At this point in time, it would be easy to be one of the many who are sick of Kings of Leon. For two years the band has seemingly been exposed on near-Lagy Gaga proportions, and you’d be insane to think that you’ve heard a song like “Use Somebody” for the last time. But it doesn’t make much sense to be overly critical of a band for using the tools which were made available to them, nor does it make sense to mock success simply for the sake of doing so. All of that is in the past now, and Come Around Sundown reveals itself to be the first step in a shift toward what made the Followill brothers so alluring in the first place.
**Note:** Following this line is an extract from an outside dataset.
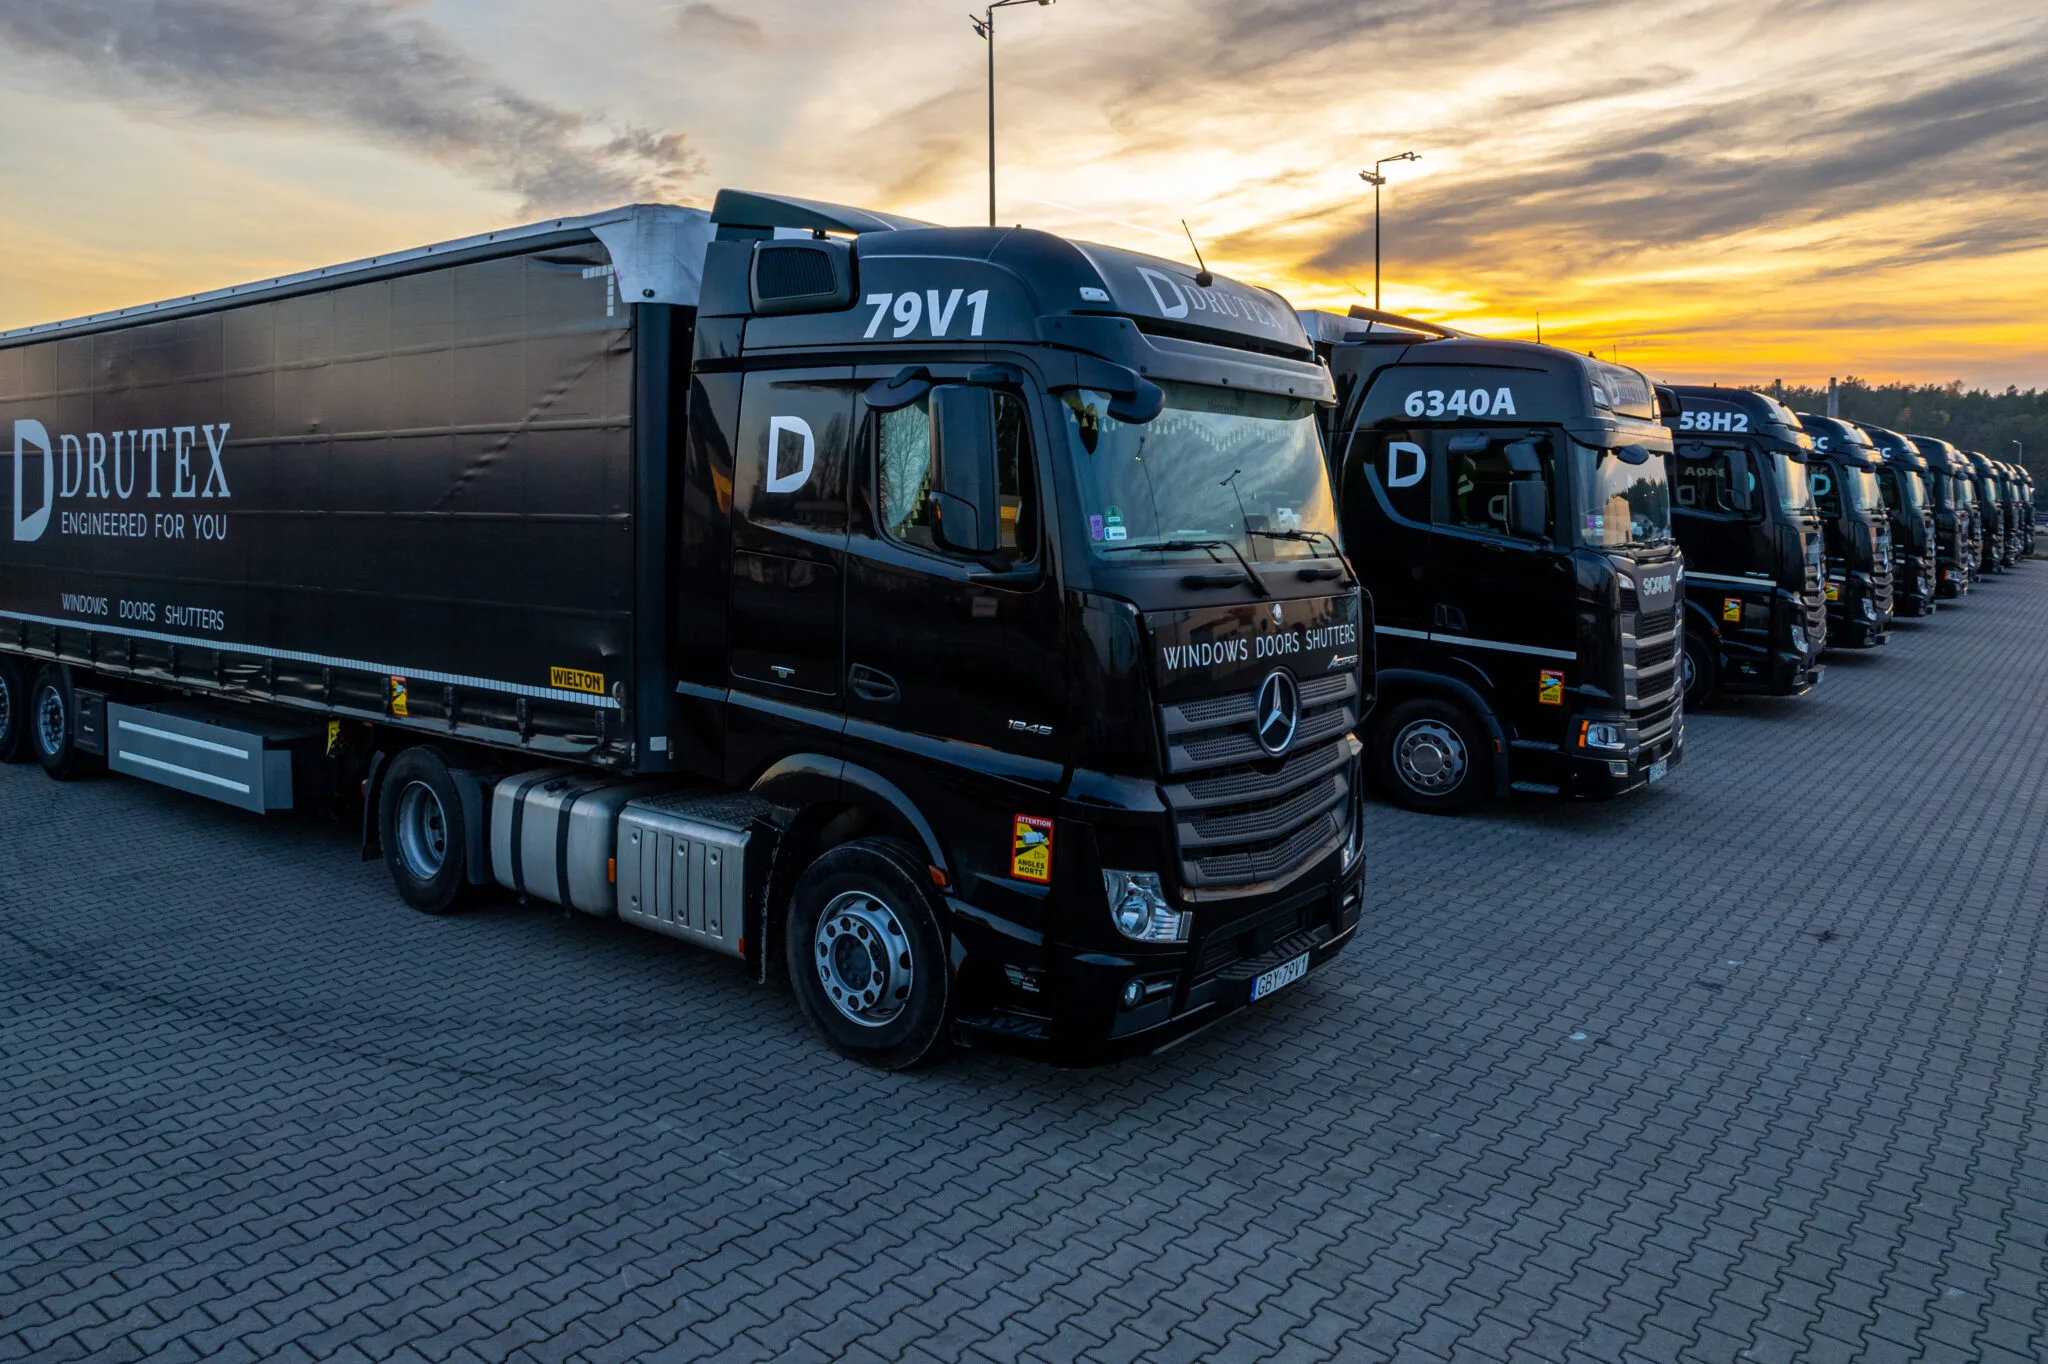 Eine Reihe von schwarzen Lastwagen der Firma DRUTEX, aufgereiht auf einem Parkplatz bei Sonnenuntergang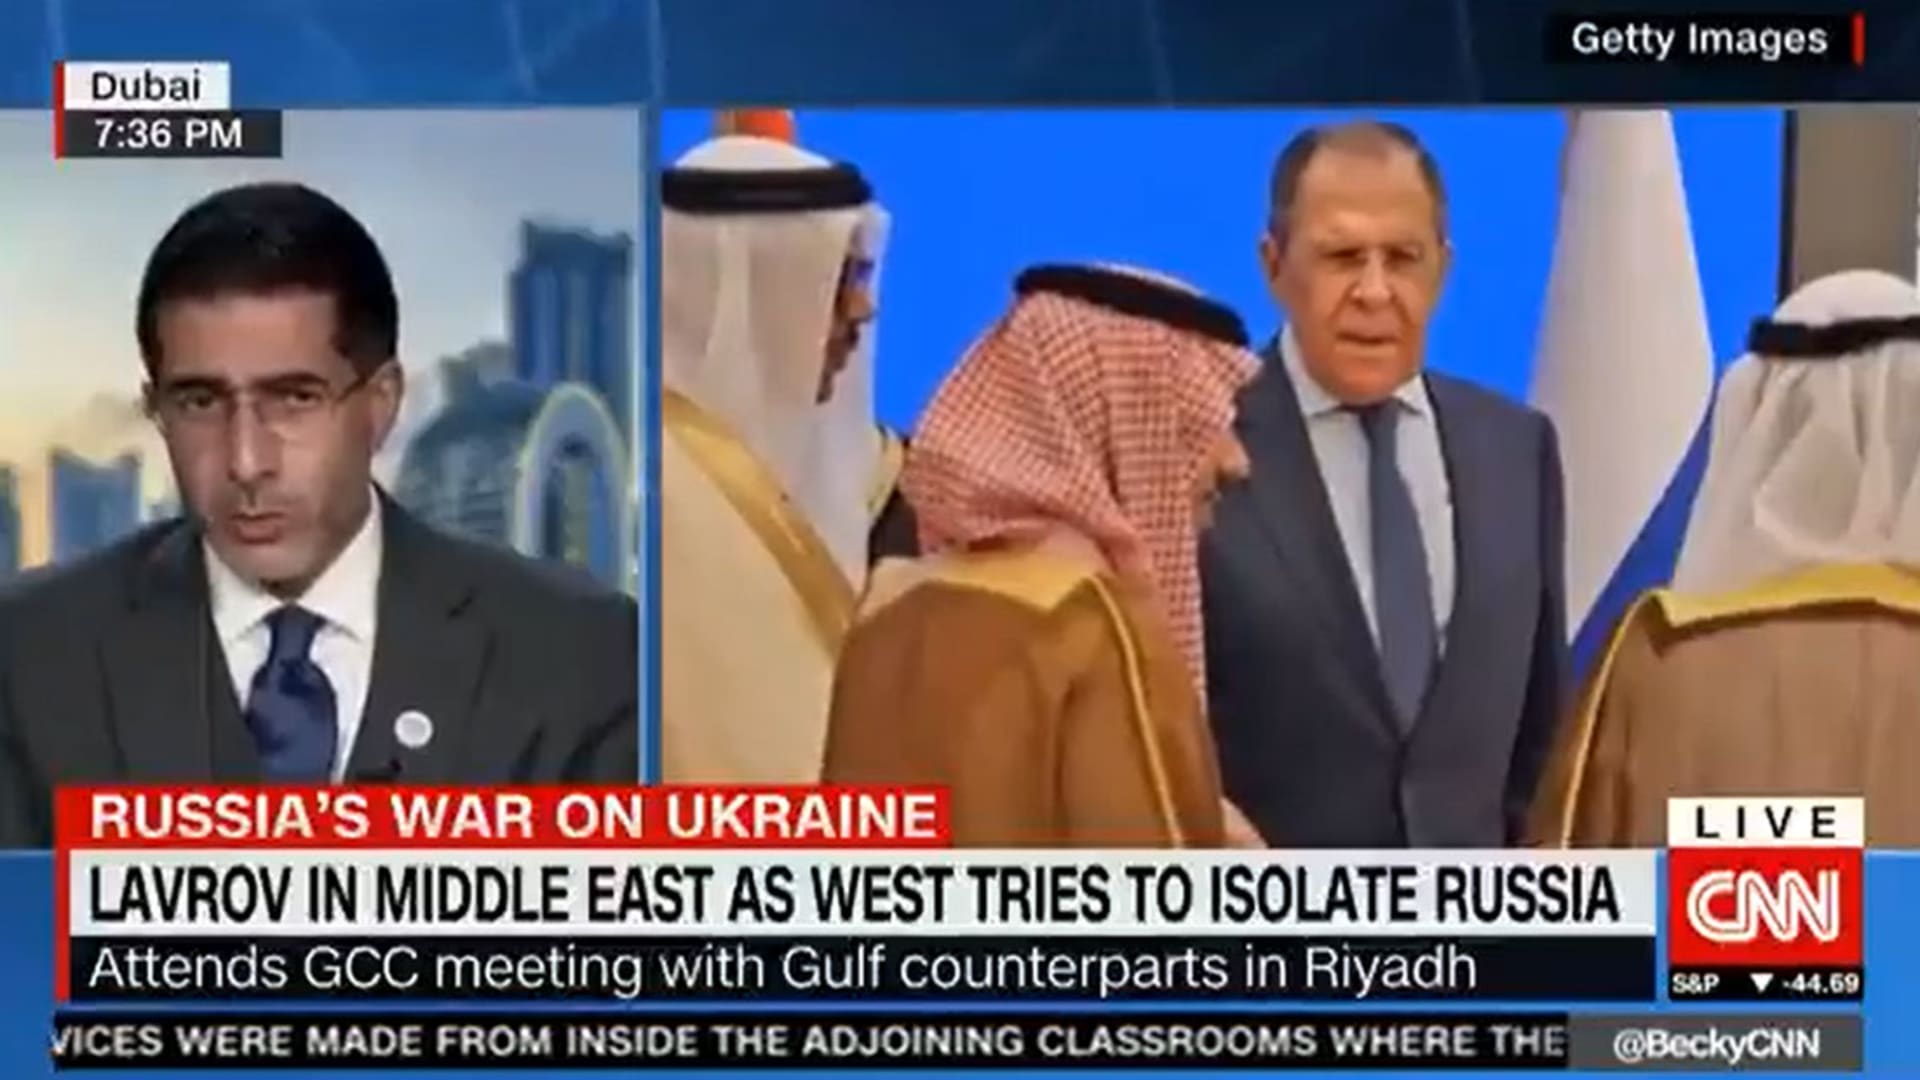 ضغط السعودية على روسيا.. لماذا لا تبدأ أوروبا بنفسها مع دفعها مليار دولار يوميا لموسكو؟ إعلامي يتساءل بمقابلة مع CNN

Sure, there are songs like the oddly placed malt-shop rock of “Mary,” but there are also songs like the vaguely twangy “Birthday,” which is far sexier—lyrically—than anything having to do with someone’s sex being on fire, “We’re gonna come together, we’re gonna celebrate/We’re gonna gather around like it’s your birthday/I don’t want to know just what I’m gonna do/I don’t care where you’re goin’, I’m coming home with you.” If you keep an open mind you’re likely to find a solid mainstream rock album that sounds much more like a product of band that enjoys “goofing off” more than it does “going to the office.” Time will tell which of the two directions the group takes—whether they chase success or continue the search for soul—but if Come Around Sundown is any indication, the future of Kings of Leon will be just as enjoyable as the band’s past has been.